Jiangsu Key Laboratory of Urban ITS, Southeast University, Si Pai Lou #2, Nanjing, 210096, China; Jiangsu Province Collaborative Innovation Center of Modern Urban Traffic Technologies, Si Pai Lou #2, Nanjing, 210096, China.
Department of Civil and Environmental Engineering, University of Wisconsin-Milwaukee, NWQ4414, P.O. Box 784, Milwaukee, WI 53201, United States.
Accid Anal Prev. 2018 Nov;120:281-294. doi: 10.1016/j.aap.2018.08.014. Epub 2018 Sep 1.
The primary objective of this study was to investigate how trip pattern variables extracted from large-scale taxi GPS data contribute to the spatially aggregated crashes in urban areas. The following five types of data were collected: crash data, large-scale taxi GPS data, road network attributes, land use features and social-demographic data. A data-driven modeling approach based on Latent Dirichlet Allocation (LDA) was proposed for discovering hidden trip patterns from a taxi GPS dataset, and a total of fifty trip patterns were identified. The collected data and the identified trip patterns were further aggregated into167 ZIP Code Tabulation Areas (ZCTA). Random forest technique was used to identify the factors that contributed to total, PDO and fatal-plus-injury crashes in the selected ZCTAs during the study period. Geographically weighted Poisson regression (GWPR) models were then developed to establish a relationship between the crashes and the contributing factors selected by the random forest technique. Comparative analyses were conducted to compare the performance of the GWPR models that considered traditional traffic exposure variables only, trip pattern variables only, and both traditional exposure and trip pattern variables. The model specification results suggest that the trip pattern variables significantly affected the crash counts in the selected ZCTAs, and the models that considered both the traditional traffic exposure and the trip pattern variables had the best goodness-of-fit in terms of the lowest MAD and AICc values.
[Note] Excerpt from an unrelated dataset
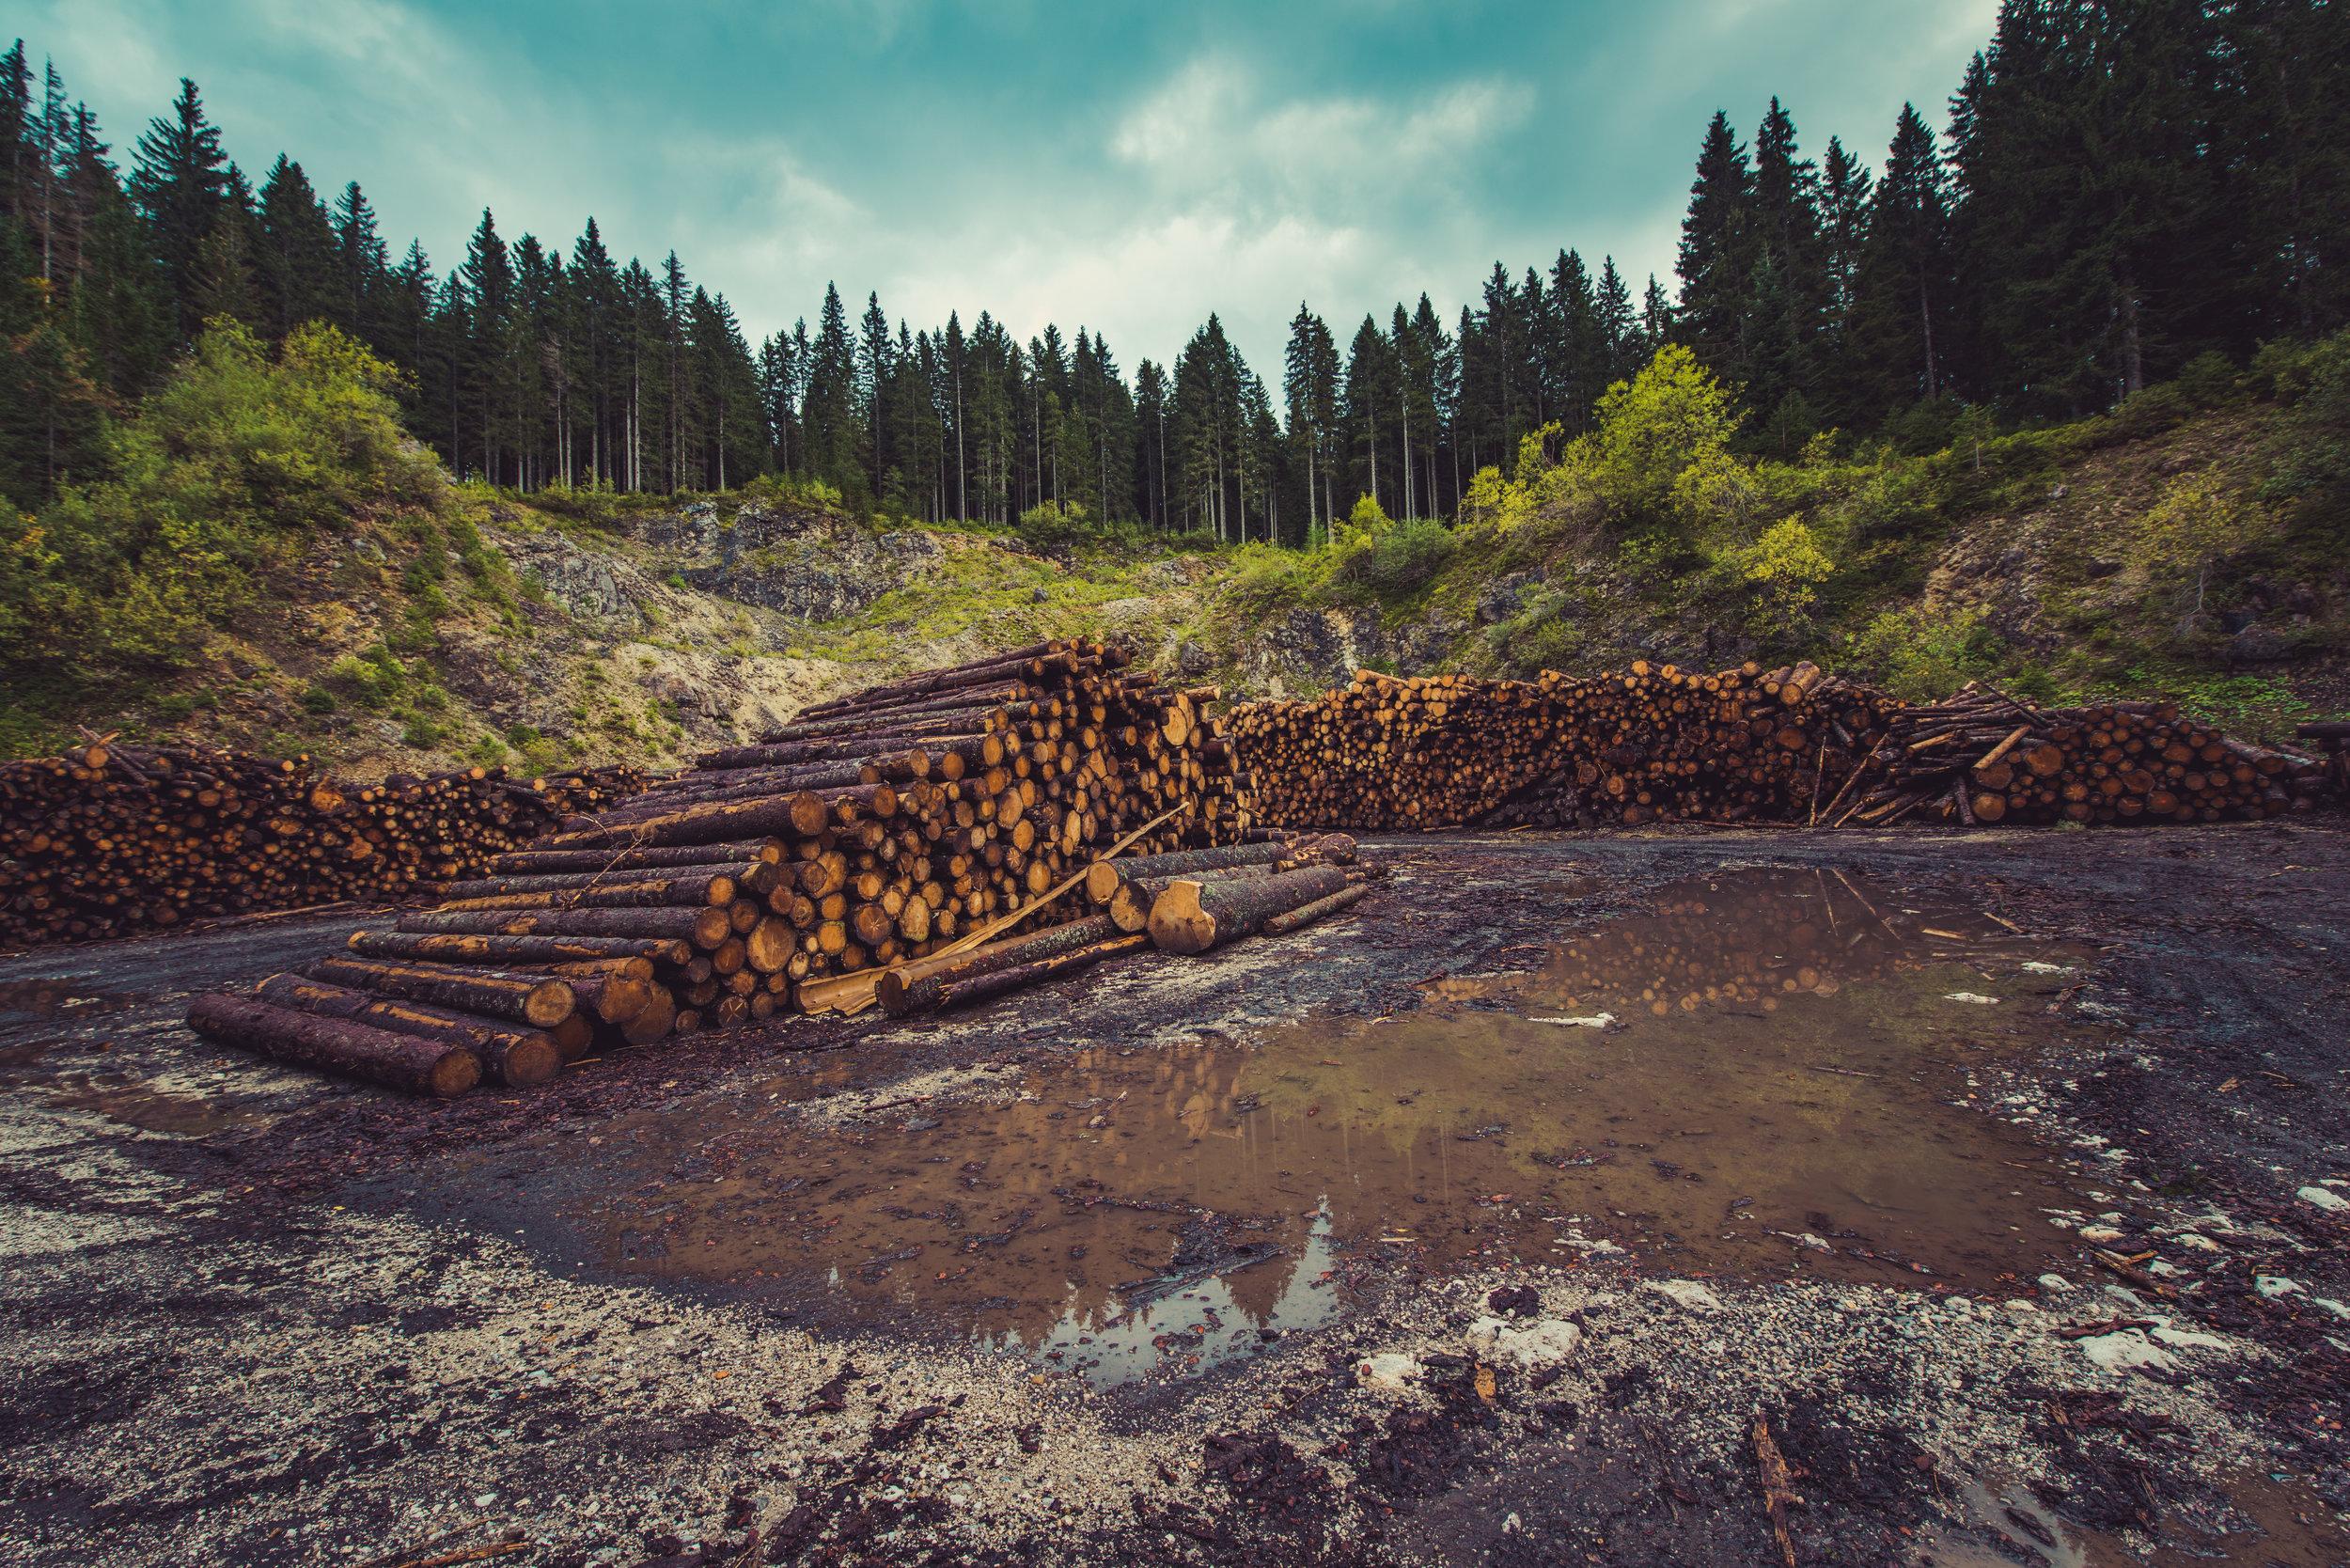 Destruction of our forests removes a critical carbon dioxide  sink  (plants eat carbon dioxide), exacerbating climate change. Photo credit: Ales Krivec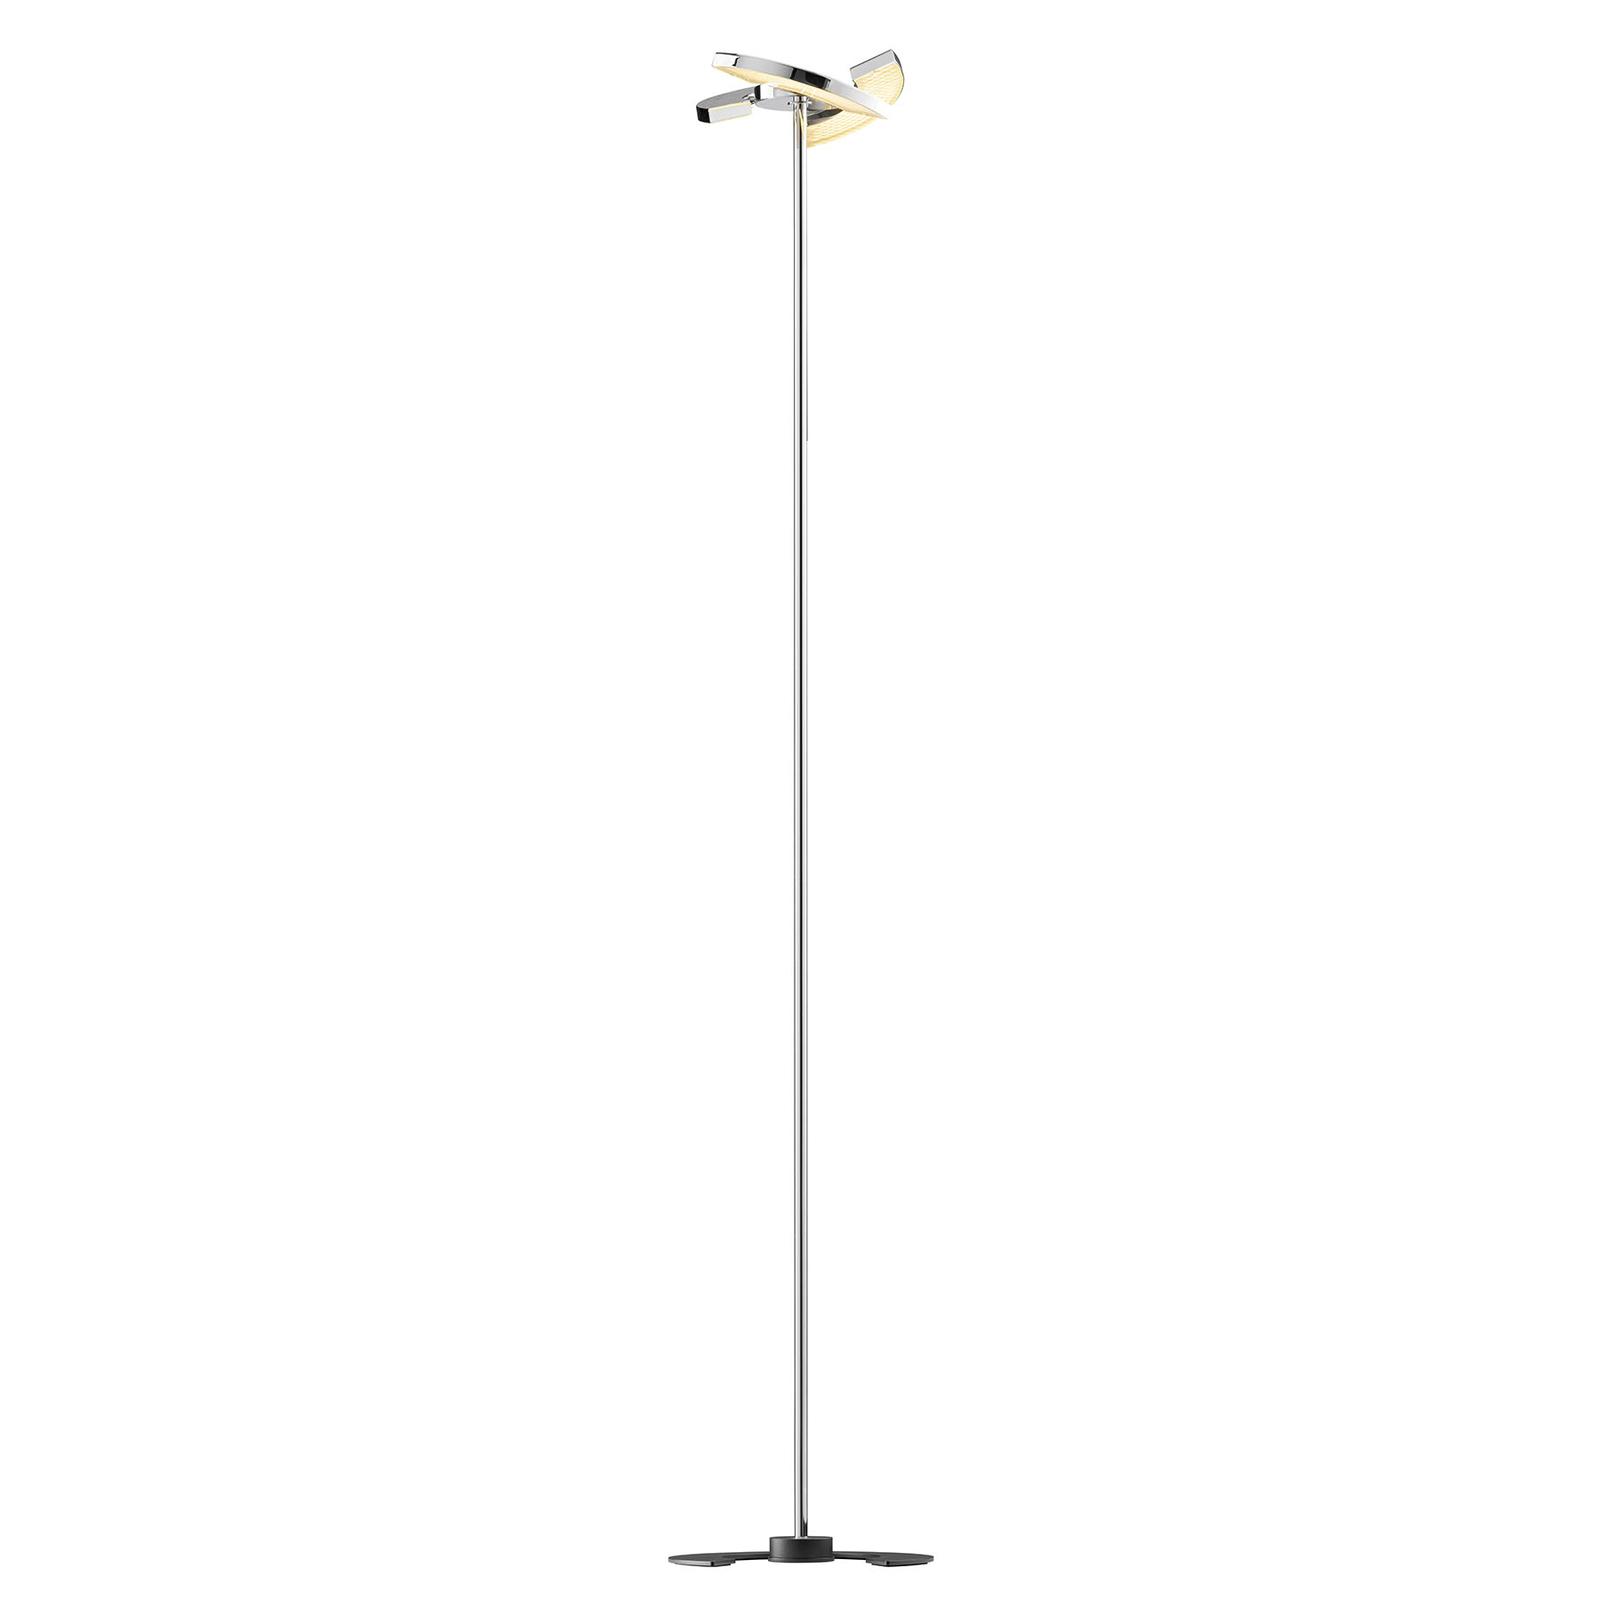 OLIGO Trinity LED-gulvlampe, 3 bevegelige segment

本研究的主要目的是探讨从大规模出租车 GPS 数据中提取的出行模式变量如何有助于城市地区空间聚集的碰撞。收集了以下五类数据:碰撞数据、大规模出租车 GPS 数据、道路网络属性、土地利用特征和社会人口数据。提出了一种基于潜在狄利克雷分配(LDA)的数据驱动建模方法,用于从出租车 GPS 数据集发现隐藏的出行模式,共确定了五十种出行模式。收集的数据和确定的出行模式进一步汇总到 167 个邮政编码区(ZCTA)。随机森林技术用于识别研究期间选定 ZCTA 中总、PDO 和致命加伤害碰撞的因素。然后开发了地理加权泊松回归(GWPR)模型,以建立碰撞与随机森林技术选择的贡献因素之间的关系。进行了比较分析,以比较仅考虑传统交通暴露变量、仅考虑出行模式变量以及同时考虑传统暴露和出行模式变量的 GWPR 模型的性能。模型规范结果表明,出行模式变量显著影响选定 ZCTA 中的碰撞次数,并且考虑传统交通暴露和出行模式变量的模型在最低 MAD 和 AICc 值方面具有最佳的拟合优度。